Education Secretary Duncan: Too much focus on testing



Pittsburgh Federation of Teachers President Nina Esposito-Visgitis has heard the complaints about standardized testing across the country, just not from U.S. Education Secretary Arne Duncan.

In a blog post Thursday, Mr. Duncan said, “I believe testing issues today are sucking the oxygen out of the room in a lot of schools …”

On Mr. Duncan’s watch, standardized tests have become increasingly important in schools. To apply for federal Race to the Top grants, states had to pledge to use student performance in teacher evaluation.

Now Mr. Duncan says the federal department will allow states to apply to delay the use of student test scores in teacher evaluation by one year.

“We will be working in concert with other educators and leaders to get this right,” said Mr. Duncan.

 Pennsylvania already used such scores as a part of teacher evaluation for 2013-14. State Education Department spokesman Tim Eller said there is no plan to seek a delay, noting the evaluation system is a state law passed by the Legislature.
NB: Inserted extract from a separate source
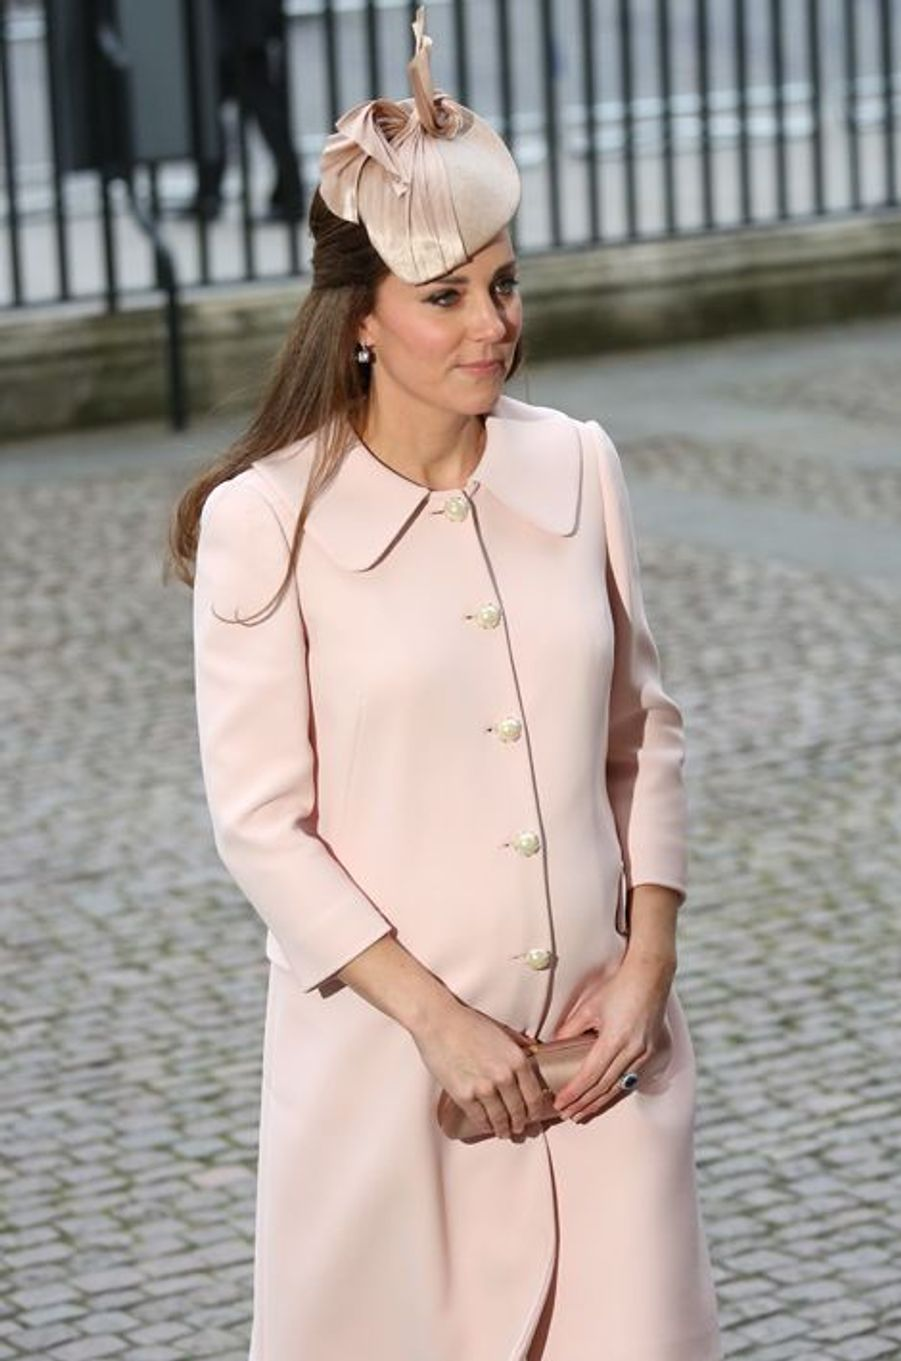 Kate arrive à l'abbaye de Westminster à Londres pour le Commonwealth Observance service, le 9 mars 2015

In his remarks, Mr. Duncan emphasized three points he’s heard from educators: Educators shouldn’t be held accountable during the transition to new tests; standardized tests focus too much on basic skills instead of critical thinking and deeper learning; and testing and test prep take up too much time.

“Testing should never be the main focus of our schools,” he wrote. “Educators work all day to inspire, to intrigue, to know their students — not just in a few subjects, and not just in ’academic’ areas. There’s a whole world of skills that tests can never touch that are vital to students’ success.”

In some places, he said the “sheer quantity” of testing is an issue. “Too much testing can rob school buildings of joy, and cause unnecessary stress. This issue is a priority for us, and we’ll continue to work throughout the fall on efforts to cut back on over-testing.”

But Mr. Duncan hasn’t given up on testing, saying …“let me be clear: Assessment is a vital part of teaching and earning, but it should be one part (and only one part) of how adults hold themselves responsible for students’ progress.” 

He recognized that a “fair chunk” of the responsibility for some of the testing issues “sits with me and my department,” saying he moved forward with a “whole lot of changes simultaneously” because of the urgency to improve education.

Ms. Esposito-Visgitis said she was “delighted” to hear of Mr. Duncan’s remarks, saying he had “finally listened to teachers and parents.”

She said school districts can’t be blamed for the test overload. “It’s what they’ve been directed to do,” she said, citing the state and federal government.

Jessie Ramey, a Point Breeze parent who is author of the blog Yinzercation, said, “I am delighted to have Secretary Duncan talking about the consequences of high stakes testing on our students, but it’s really federal policy that is driving the increase in testing on students.”

If Mr. Duncan is serious about addressing testing issues, she said, “It’s a sea change.”

Mr. Duncan’s remarks can be found at ed.gov/blog.